*PROBLEM DESCRIPTION:* Restate the full listing word for word and leave the pictures out.

*SOURCE DATA:*
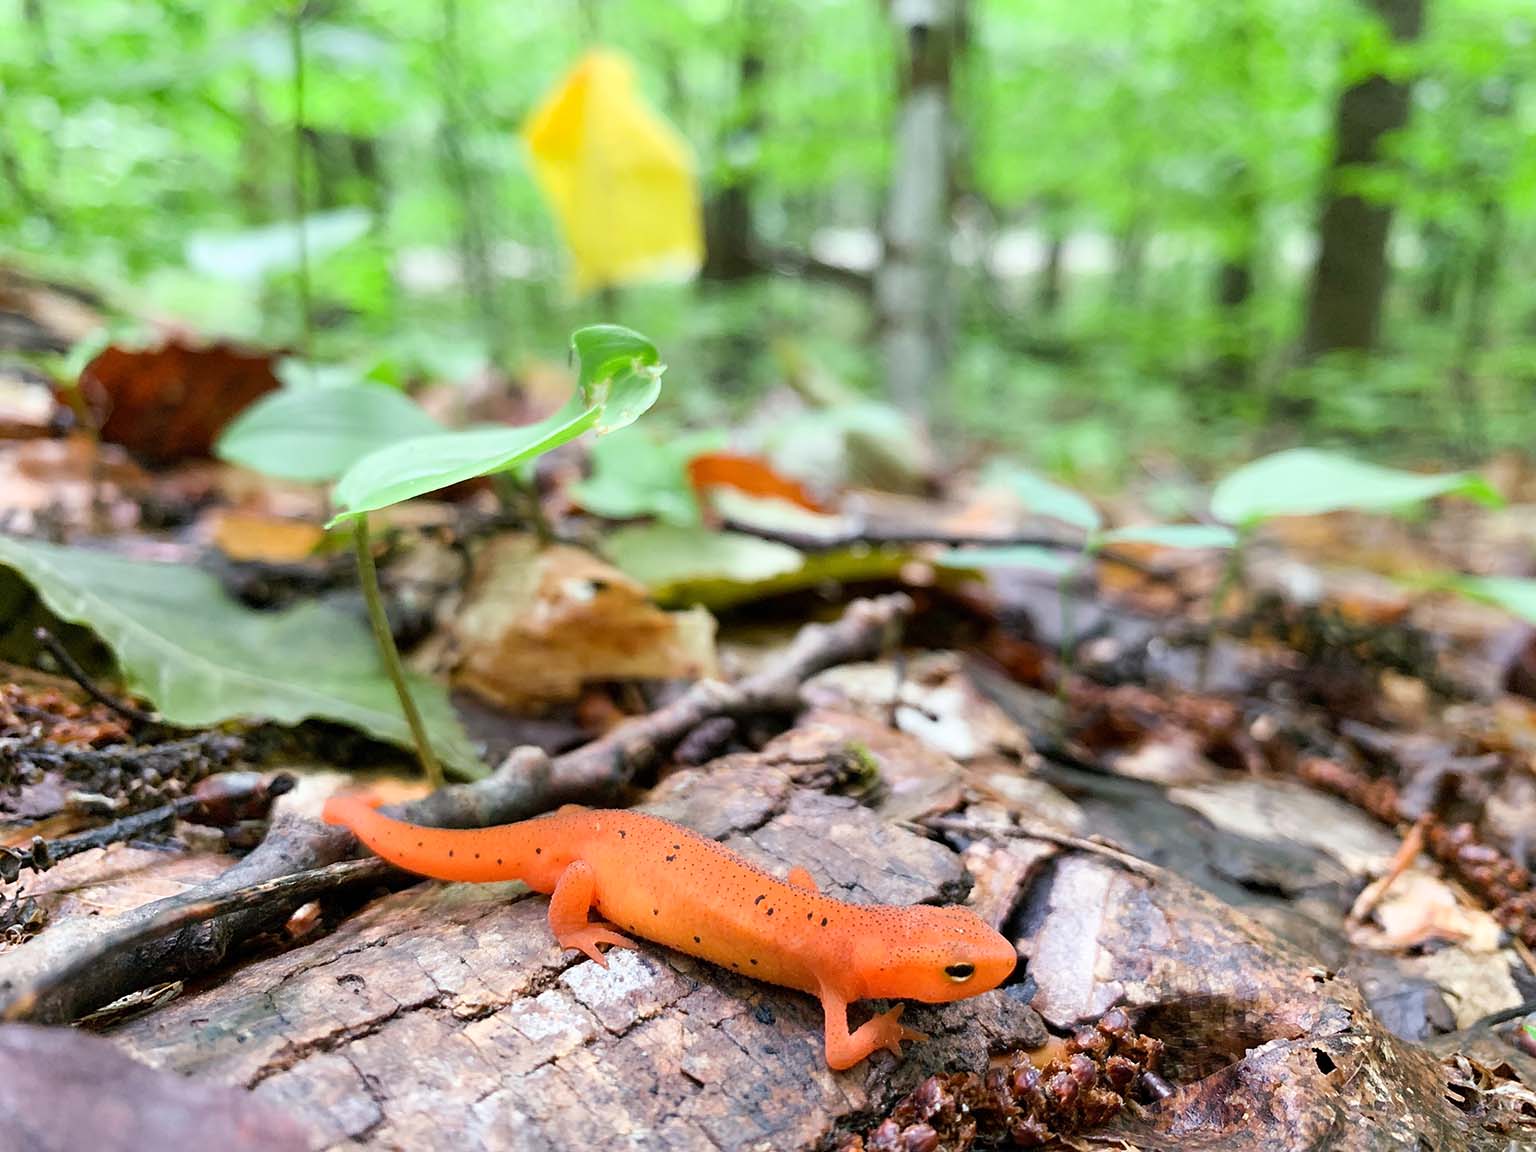 An orange newt rests on a decaying log on the forest floor.
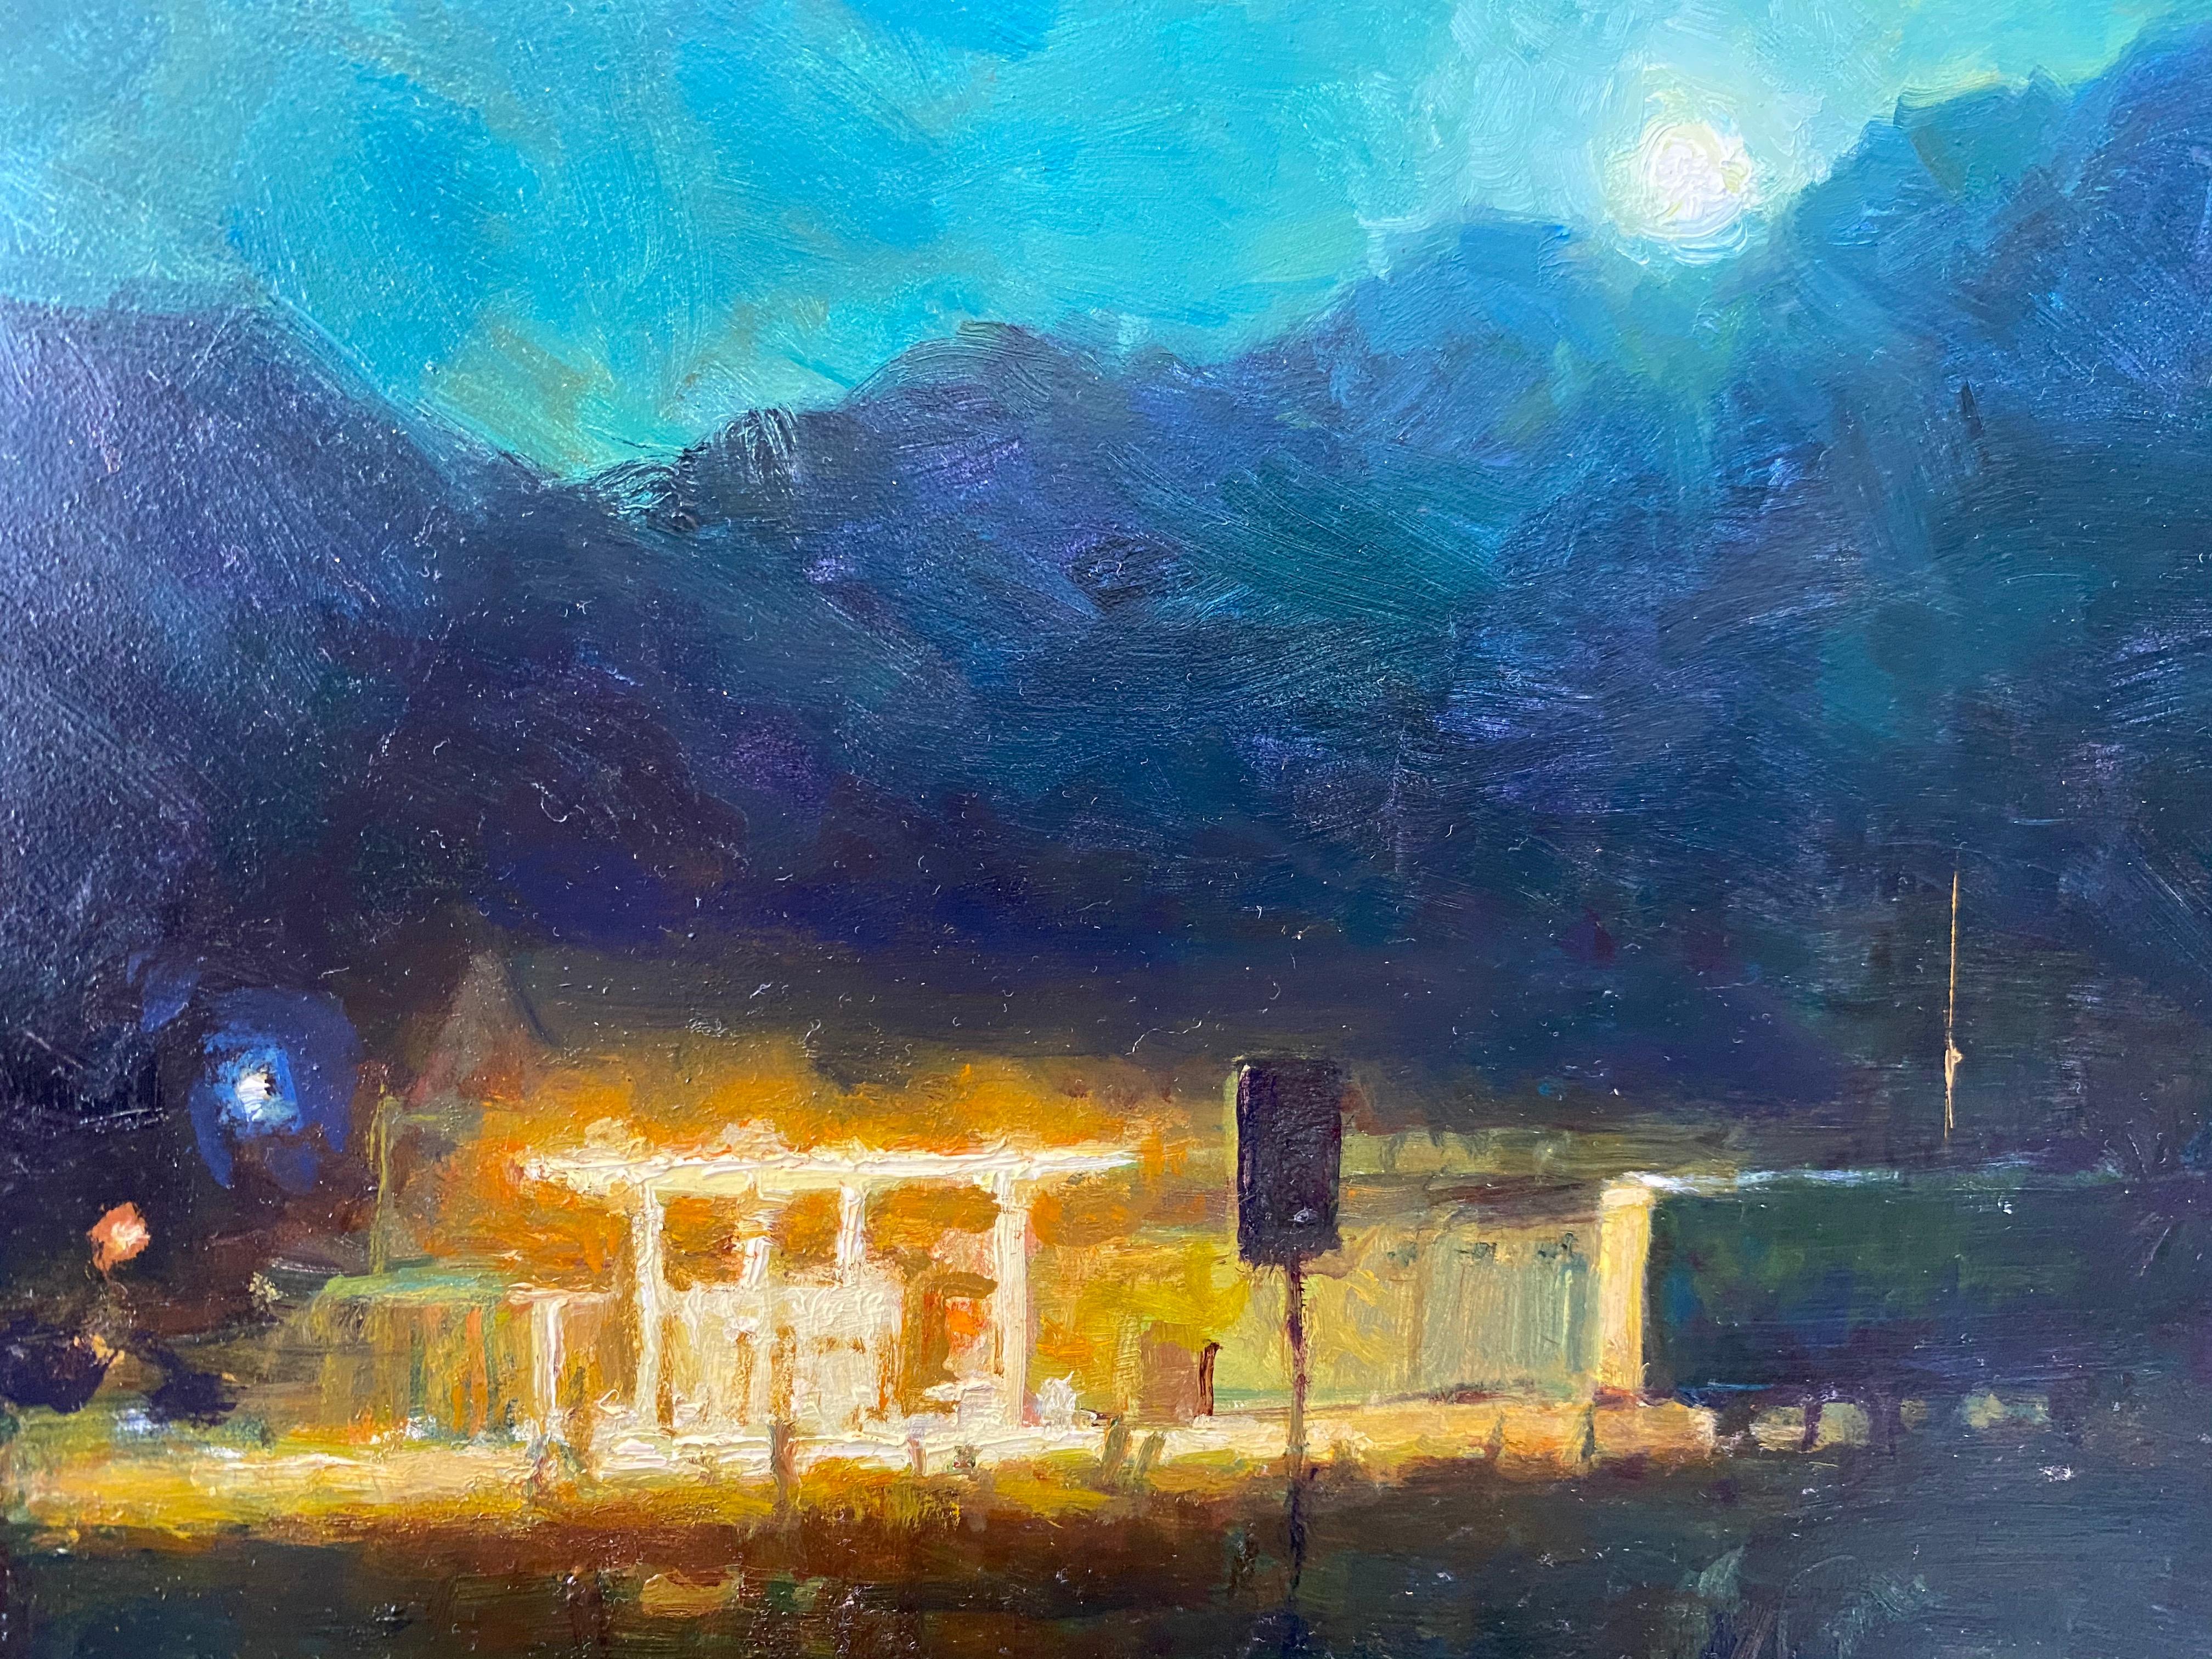 An oil painting of a landscape at night. A full moon rests along a curvy horizon, a backlit mountain range. The illuminated sky shines with a rich green and indigo aura. On the ground, is a gas station, glowing with light. 

Framed dimensions: 16 x
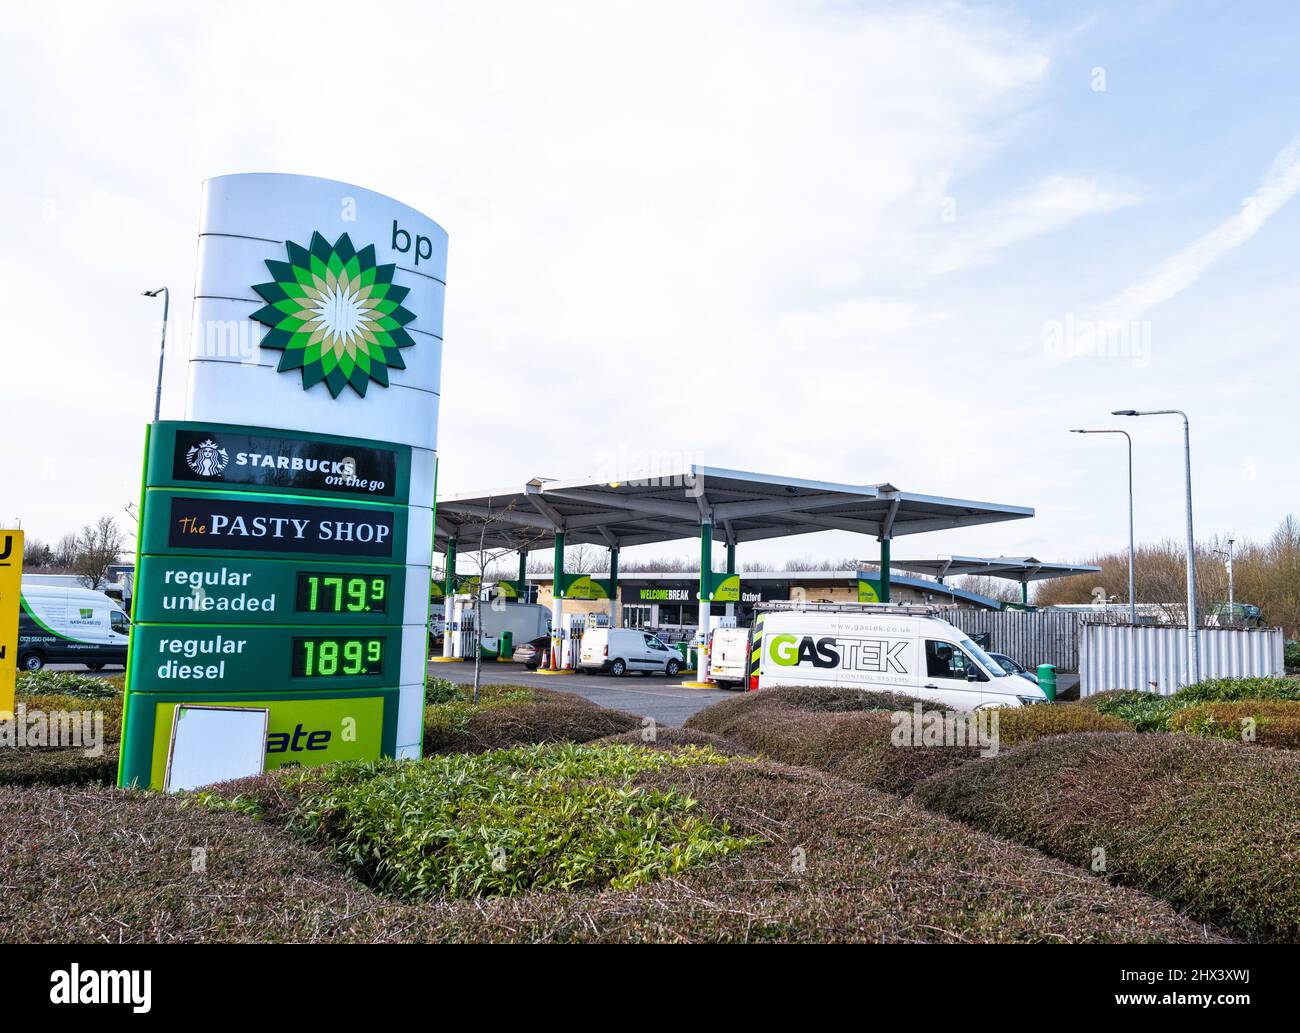 Oxford Services on the M40, UK. 9th March 2022. Drivers are met with pump prices of 179.9 for regular unleaded and 189.9 for regular diesel at Oxford Services off the M40, UK. Credit: Simon Morley/Alamy Live News Stock Photo

*ANSWER TO THE EXERCISE:*
 An orange newt rests on a decaying log on the forest floor.
 An oil painting of a landscape at night. A full moon rests along a curvy horizon, a backlit mountain range. The illuminated sky shines with a rich green and indigo aura. On the ground, is a gas station, glowing with light. 

Framed dimensions: 16 x
 Oxford Services on the M40, UK. 9th March 2022. Drivers are met with pump prices of 179.9 for regular unleaded and 189.9 for regular diesel at Oxford Services off the M40, UK. Credit: Simon Morley/Alamy Live News Stock Photo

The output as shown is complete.